Next year marks the 50th anniversary of the founding of the Black Panther Party in Oakland, and it’s probably safe to say the party is as contentious today as it was in 1966. Were the Panthers revolutionaries or reformists? Insurrectionists, or social workers working within the system to improve the lot of African-Americans? Focused primarily on self-defense, or intent on overthrowing the government of the United States?

These questions are confronted from the off in The Black Panthers: Vanguard of the Revolution (opening at Landmark’s Shattuck Cinemas on Friday, Oct. 2). The parable of the three blind men – and how each of their impressions of an elephant differ radically – is related by former Panther Ericka Huggins, who states “It wasn’t nice and clean. It wasn’t easy. It was…complex.”
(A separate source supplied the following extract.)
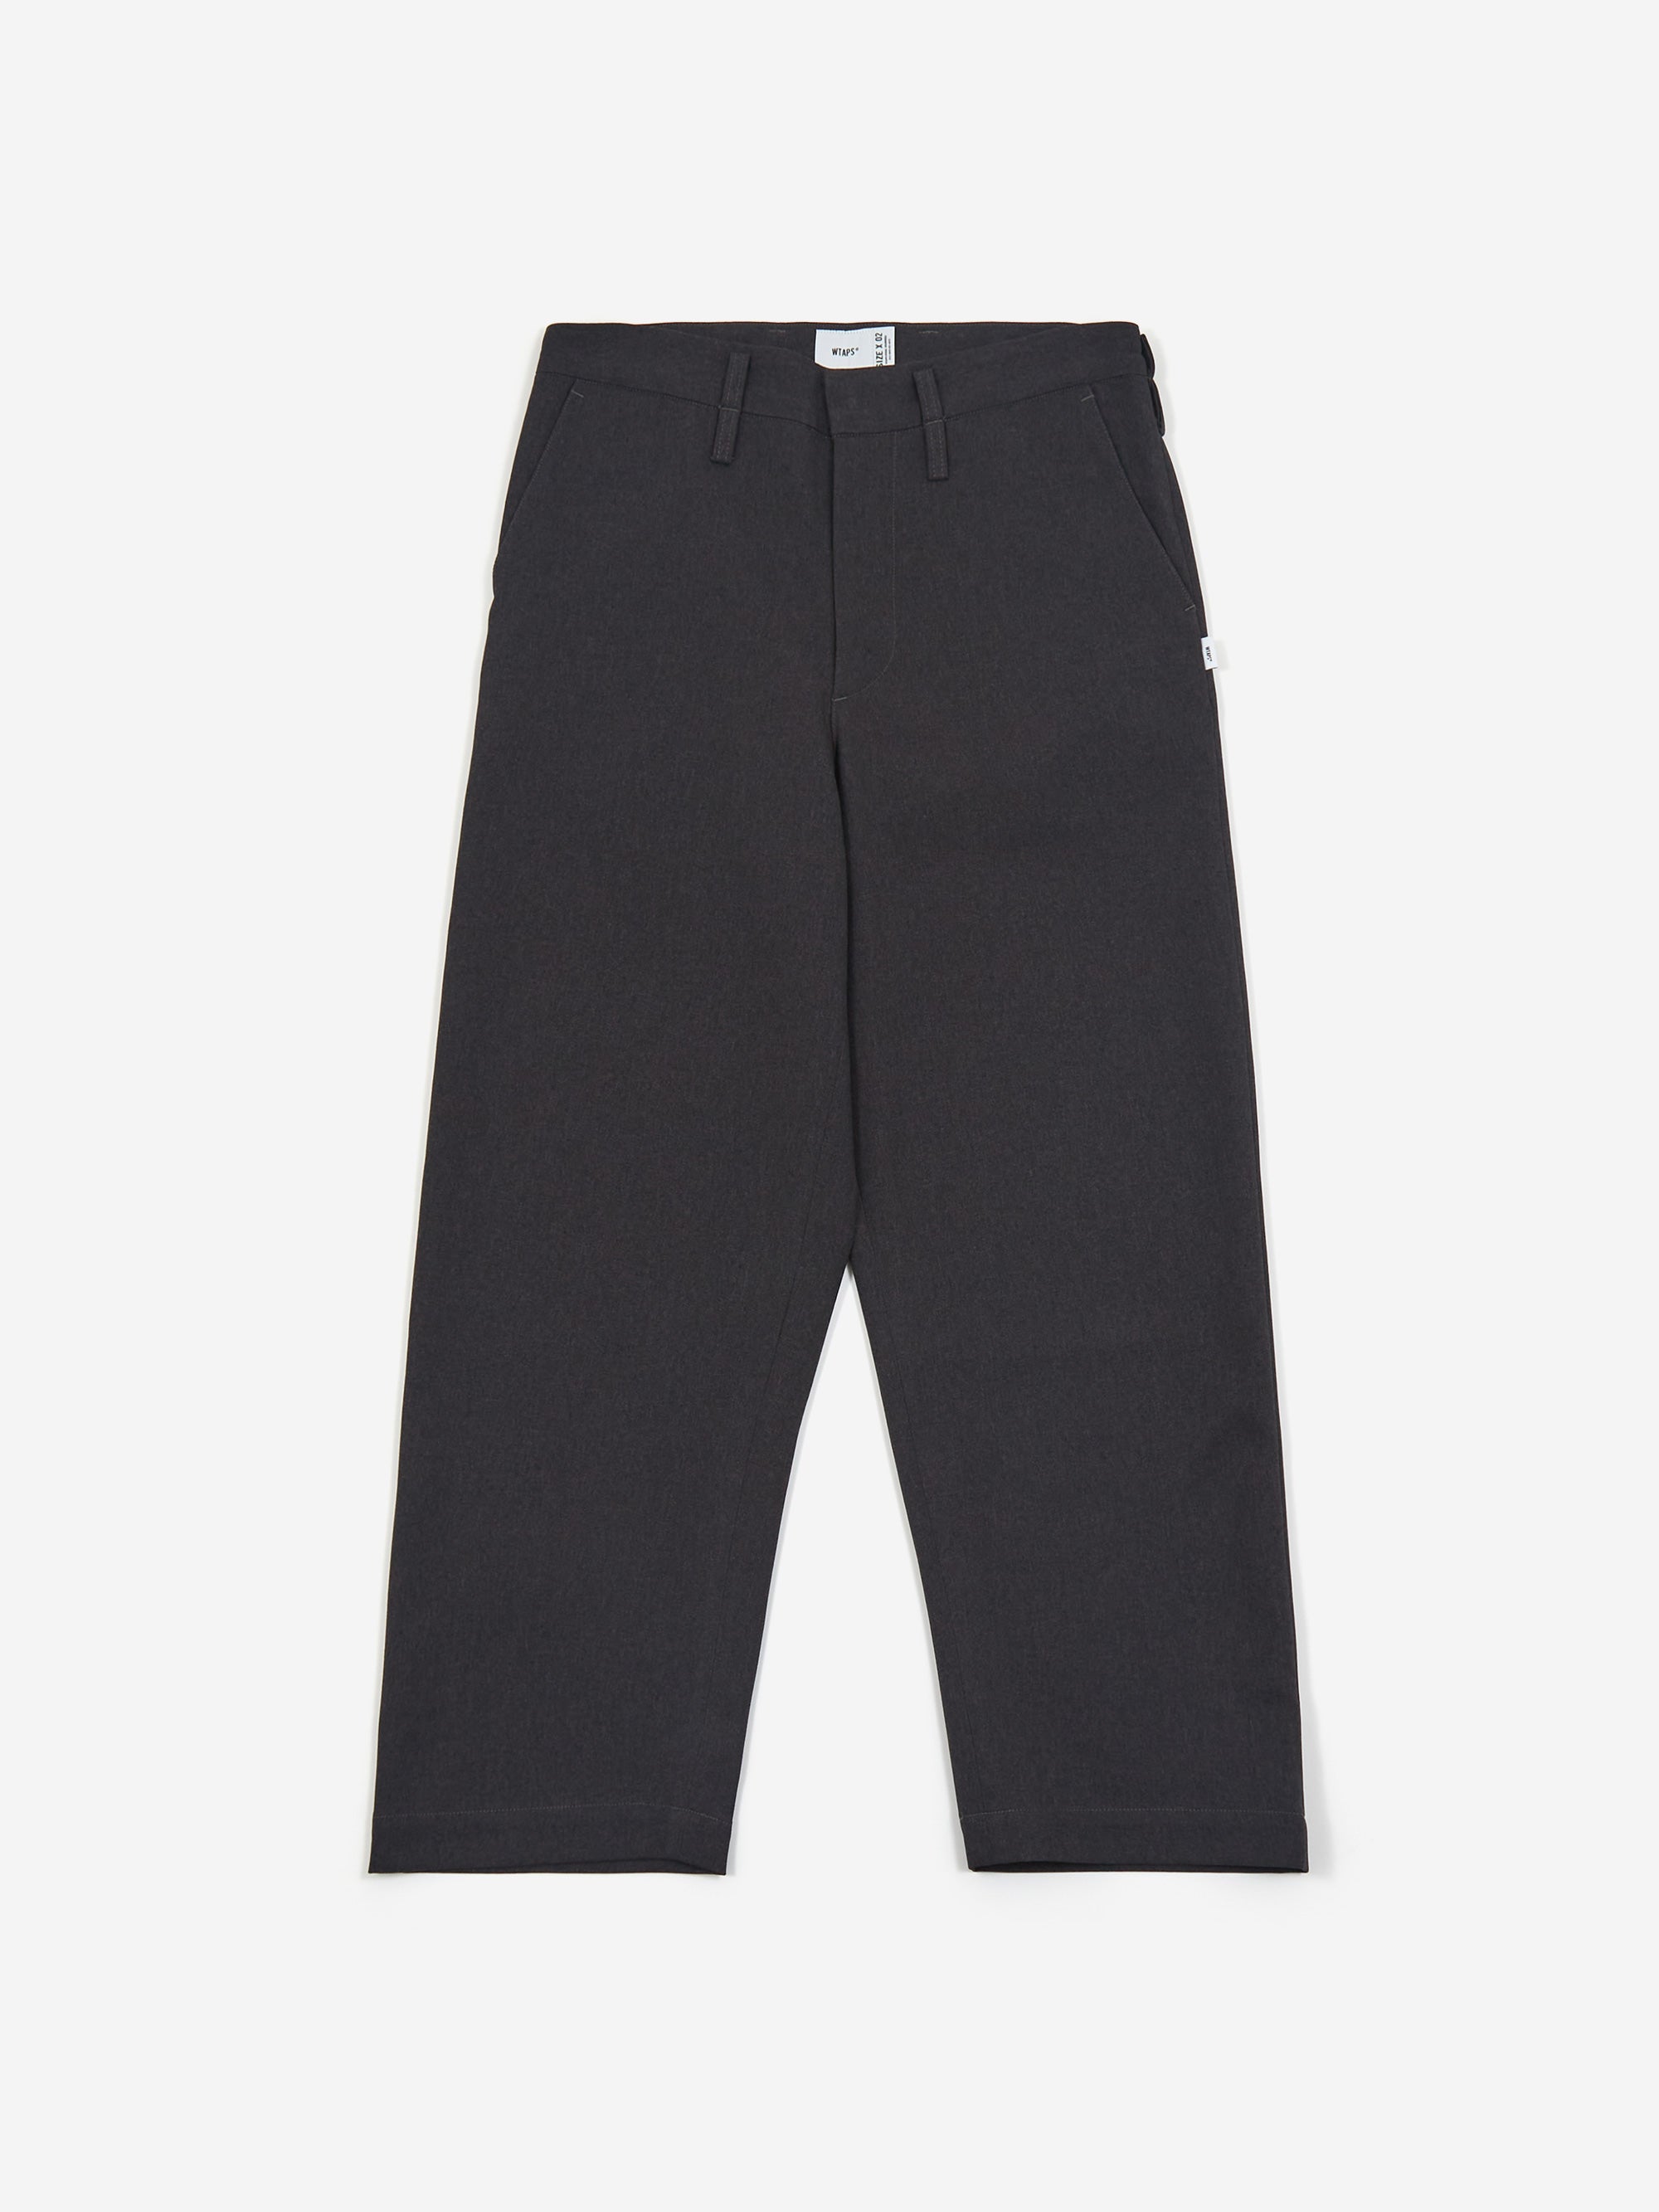 WTAPS Crease DL / Trousers / Poly. Twill - Charcoal

Directed by Stanley Nelson, The Black Panthers examines those complexities in depth, but begins with the basics. The party’s founding was the result of police brutality in Oakland — brutality the equal of any experienced by African Americans in Mississippi, though (perhaps) with fewer racial epithets.
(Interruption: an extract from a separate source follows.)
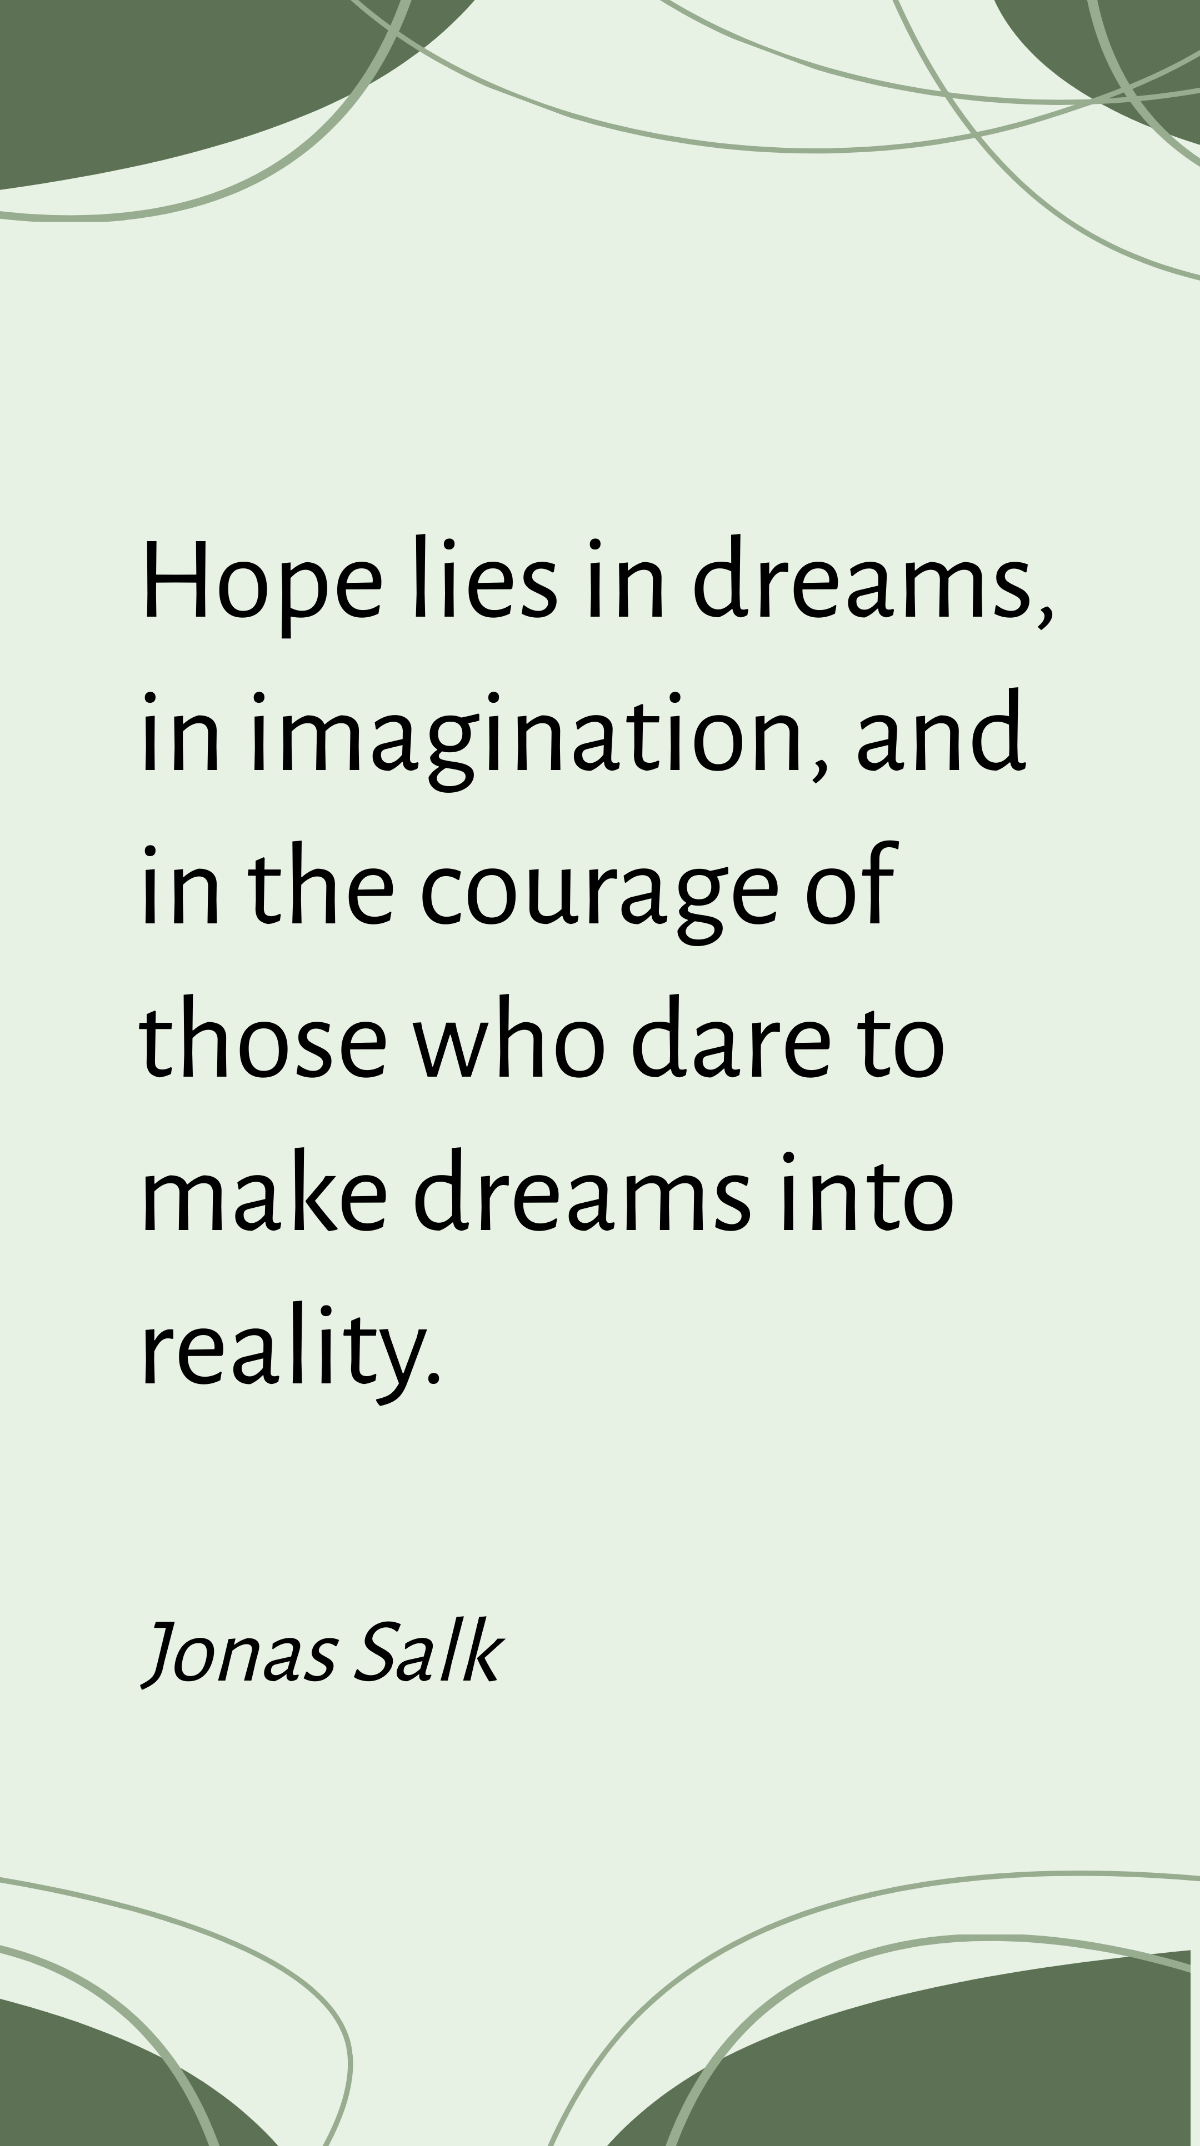 Jonas Salk - Hope lies in dreams, in imagination, and in the courage of those who dare to make dreams into reality. Template

In 1966, Panther founder Huey Newton was well aware that state gun laws permitted the carrying of firearms on public property. Using the law to their advantage, armed Panthers patrolled the streets to keep an eye on the Oakland Police Department, inadvertently creating a model for Cop Watch programs and 21st-century live-streamers.

Terrified of this threat to authority, California’s Republican governor Ronald Reagan made sure the laws were changed. There’s some great archival footage of politicians and journalists decrying “nuts with guns”, while Reagan himself is seen on May 21967 stating, “I don’t think loaded guns are a way to solve a problem”. Times – and circumstances – have certainly changed.
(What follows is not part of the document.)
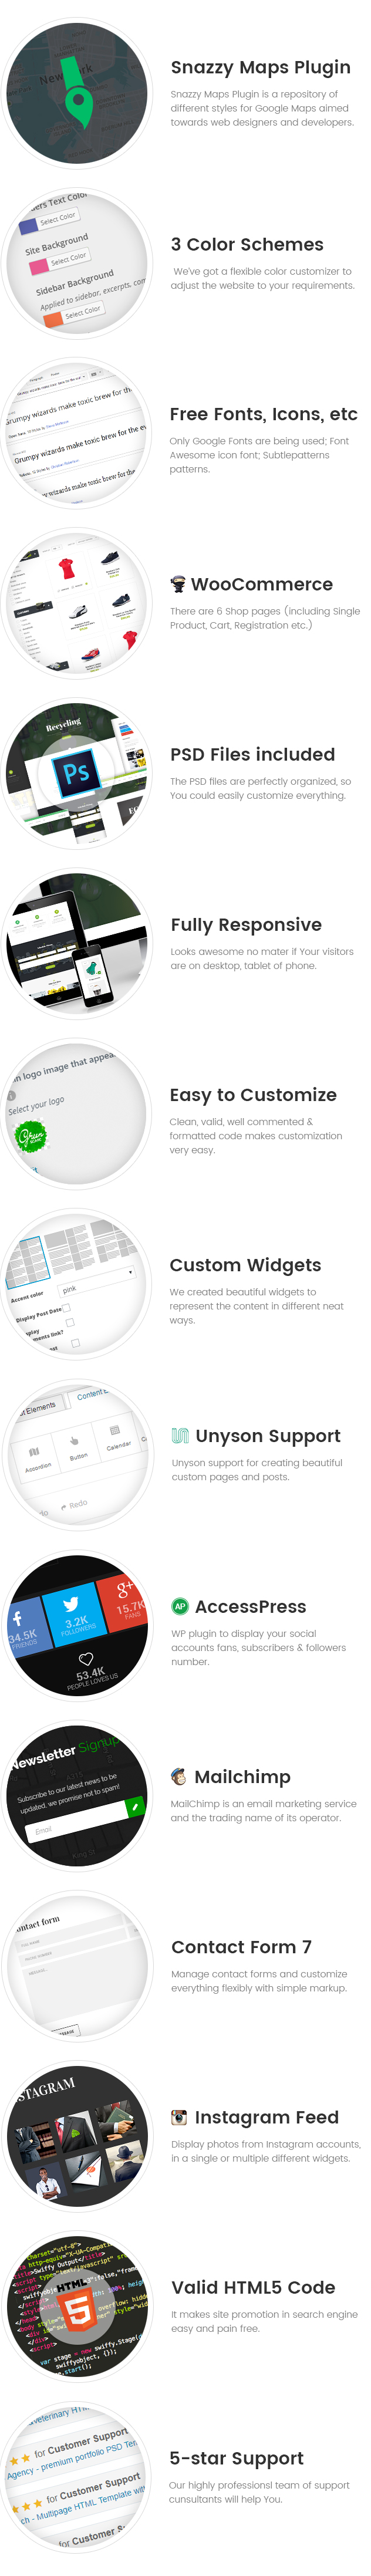 GoGreen - Waste Management and Recycling WordPress theme

Days after Reagan’s speech, the Panthers released their famous 10-point program, signaling the Party’s arrival as more than just a protest movement. Soon the famous breakfast program was feeding hundreds of needy Oakland school kids, and Panther chapters were springing up in cities across the country.

Critical to the Party’s rapid growth were the personalities of bigwigs such as Huey Newton, Bobby Seale, and Eldridge and Kathleen Cleaver. The powers that be took note, and did their best to sow discord and division within the Party through the FBI’s infamous COINTELPRO program.

Nelson’s film spends considerable time with COINTELPRO – especially focusing on its ability to place informants close to Panther leaders. Eventually police crackdowns, arrests, trials and general harassment led to schisms in the Party between the ‘establishment’ wing (represented by Newton) and the ‘revolutionary’ wing (represented by Eldridge Cleaver, safely exiled in Algeria).

While The Black Panthers doesn’t break a great deal of new ground (or settle any old arguments), it works well as a pocket history of the Party. Interviews with Party veterans such as Kathleen Cleaver, Felipe Luciano (who boldly states of Newton, “Was he insane? Fuck yeah!”), Elaine Brown, and Emory Douglas put the Panthers story into contemporary context, and as you’d expect there’s tons of fascinating archival footage. For those interested in Bay Area African-American history, it’s essential viewing.

Berkeleyside’s film writer John Seal writes a weekly movie recommendation column at Box Office Prophets, as well as a column in The Phantom of the Movies’ Videoscope, an old-fashioned paper magazine, published quarterly. Read more from Big Screen Berkeley on Berkeleyside.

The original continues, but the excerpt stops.